Everything to know about sun protection, according to a dermatologist

(BPT) - Sunscreen is a year-round necessity, but with the longer days of sunlight and warmer weather ahead, people are spending more time exposed to the sun, making it an essential. Whether it's a walk in a park or playing games in the backyard with family, it's important to be prepared for any time spent outside, starting with wearing sunscreen.

When the sun shines brighter and lasts longer, people get excited to spend more time outdoors, often overlooking just how important sun protection really is. In fact, only 2 percent of dermatologists believe their patients take sun protection very seriously, according to a new survey from CeraVe.
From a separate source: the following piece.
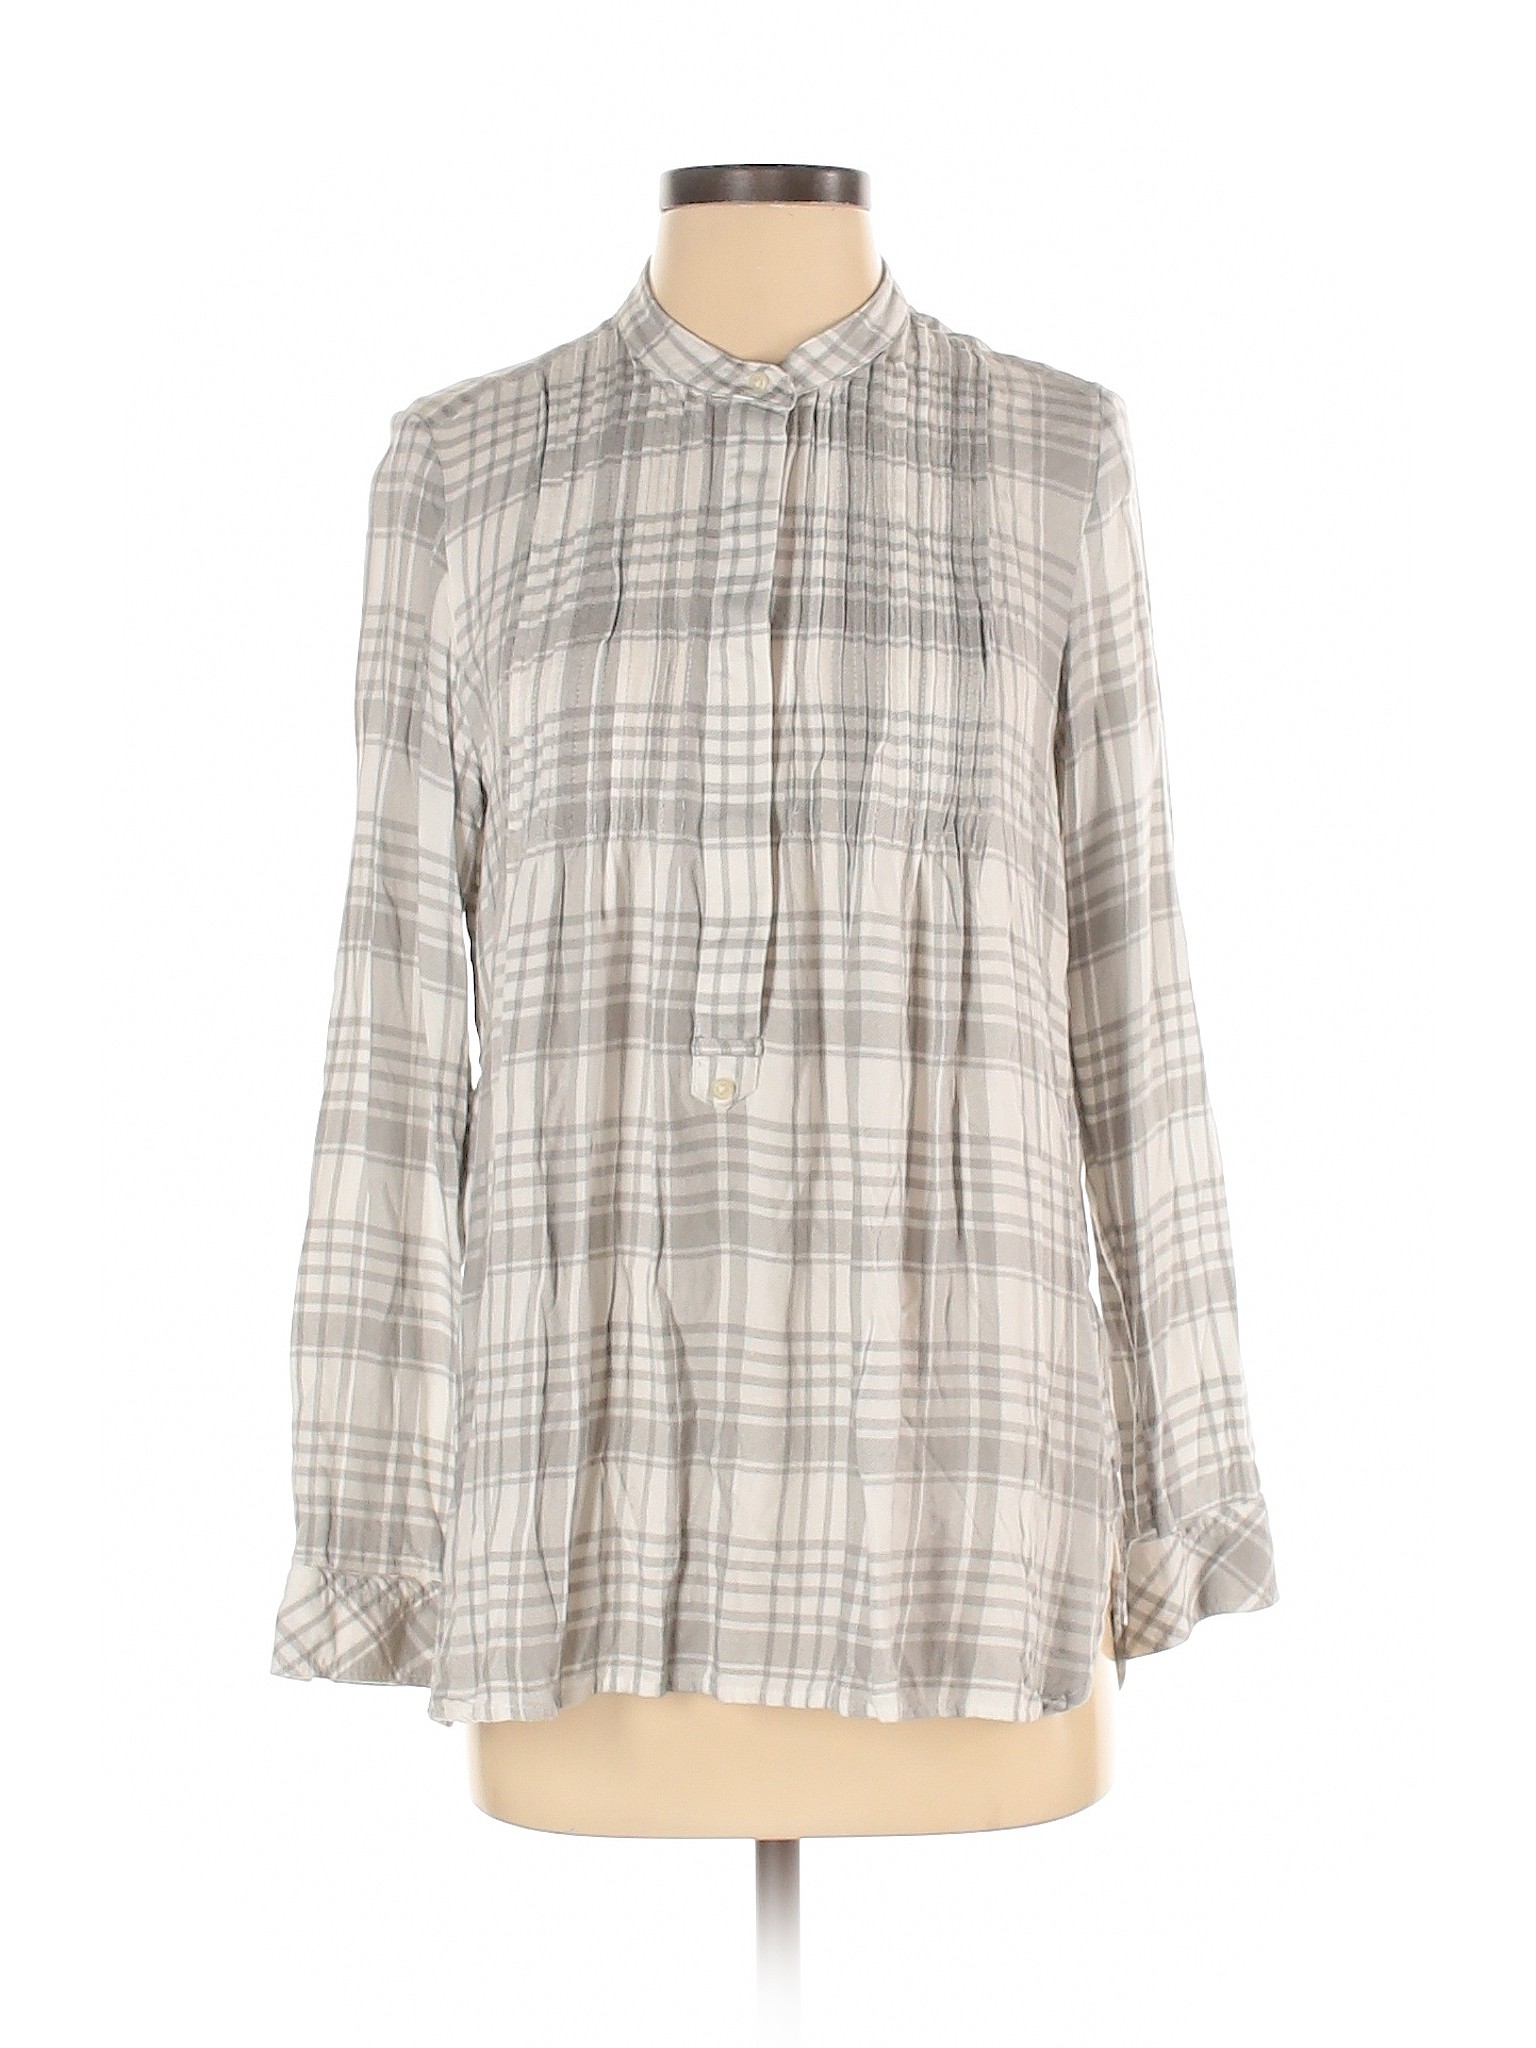 Gap Women Gray Long Sleeve Blouse S | eBay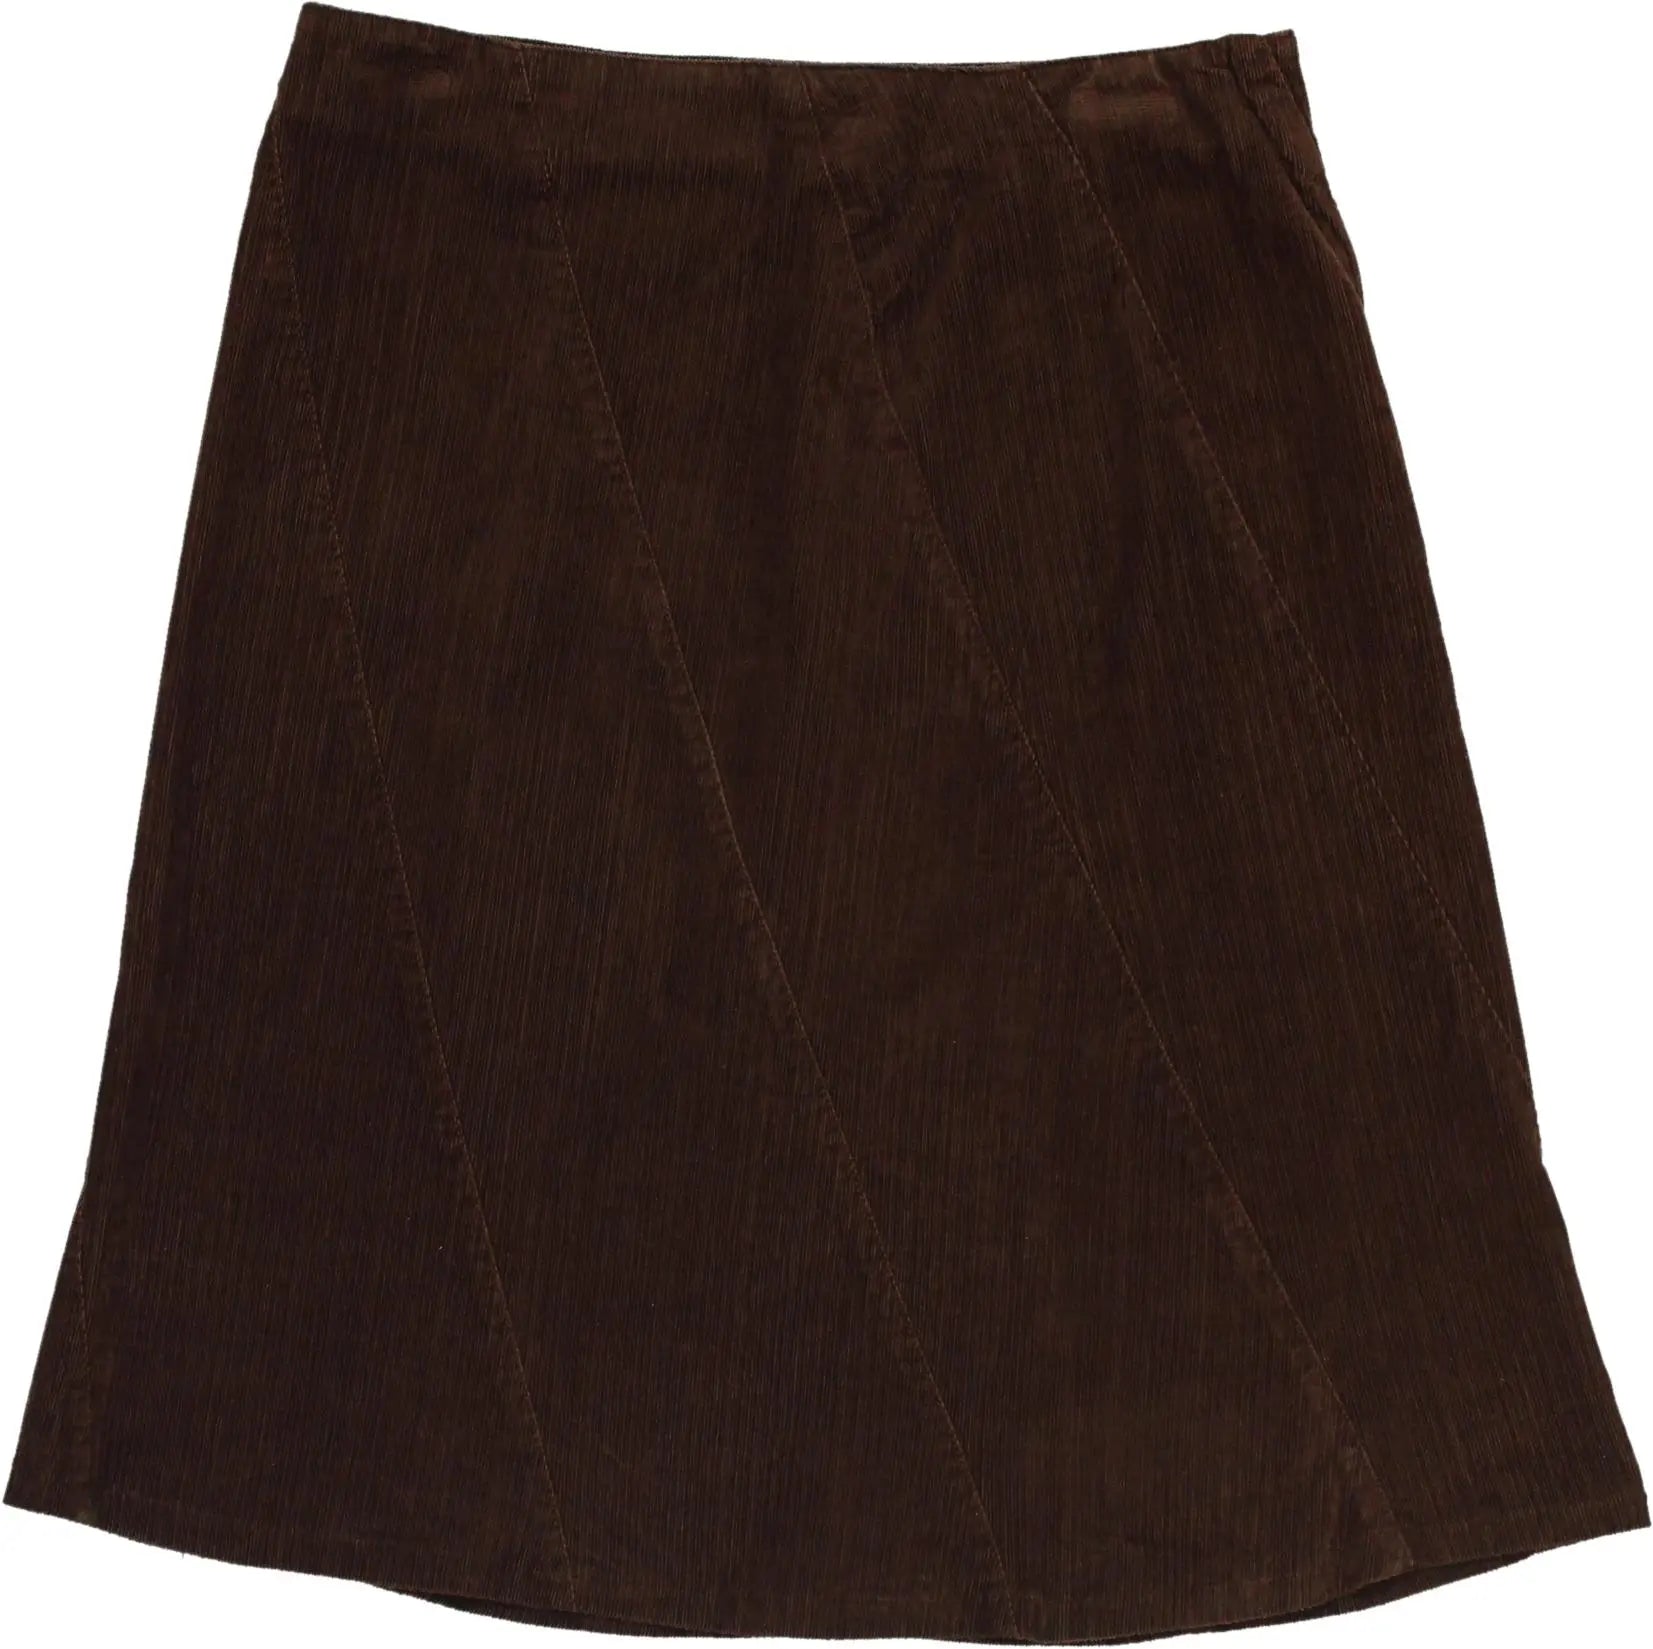 Morrison - Skirt- ThriftTale.com - Vintage and second handclothing

“Sunscreen should be worn every day regardless of season, but especially at a time of year when we spend more hours in the sun. It’s important to incorporate sunscreen into your daily skincare regimen,” says board-certified dermatologist Dr. Michelle Henry. “To maintain healthy skin throughout the dry, hot summer months, look for products that offer both hydration and broad-spectrum protection.”

To help clear up any sun care confusion, Dr. Henry offers her expert insight on six things to know about proper sun protection:

1. Mineral vs. chemical: What to choose

Many people do not know the difference between mineral and chemical sunscreens. While both types of sunscreen offer sun protection, they work differently. Chemical sunscreens use chemical filters that absorb into the skin and absorb UV rays to protect it, while mineral sunscreens use mineral filters that sit on the surface of the skin to reflect UV rays. Mineral sunscreens are great for people with all skin types, but especially for those with sensitive skin or those who are prone to conditions like eczema, rosacea and melasma. Heat can exacerbate these conditions, so mineral sunscreens are a nice option because they form a protective barrier over the skin to deflect harmful UVA and UVB rays instead of absorbing.

2. Sun damage can happen in a flash

You don’t need to spend hours in the sun to experience damage to your skin. A sunburn can happen within minutes of unprotected exposure. Every single person — regardless of how fair or dark your skin — is susceptible to sun damage. Moreover, many don’t realize that UVA and UVB rays can come through the clouds and UVA rays come through windows, so no matter what you are doing, even if it is sitting inside an office near a window, your skin is still exposed, so you need to use SPF protection.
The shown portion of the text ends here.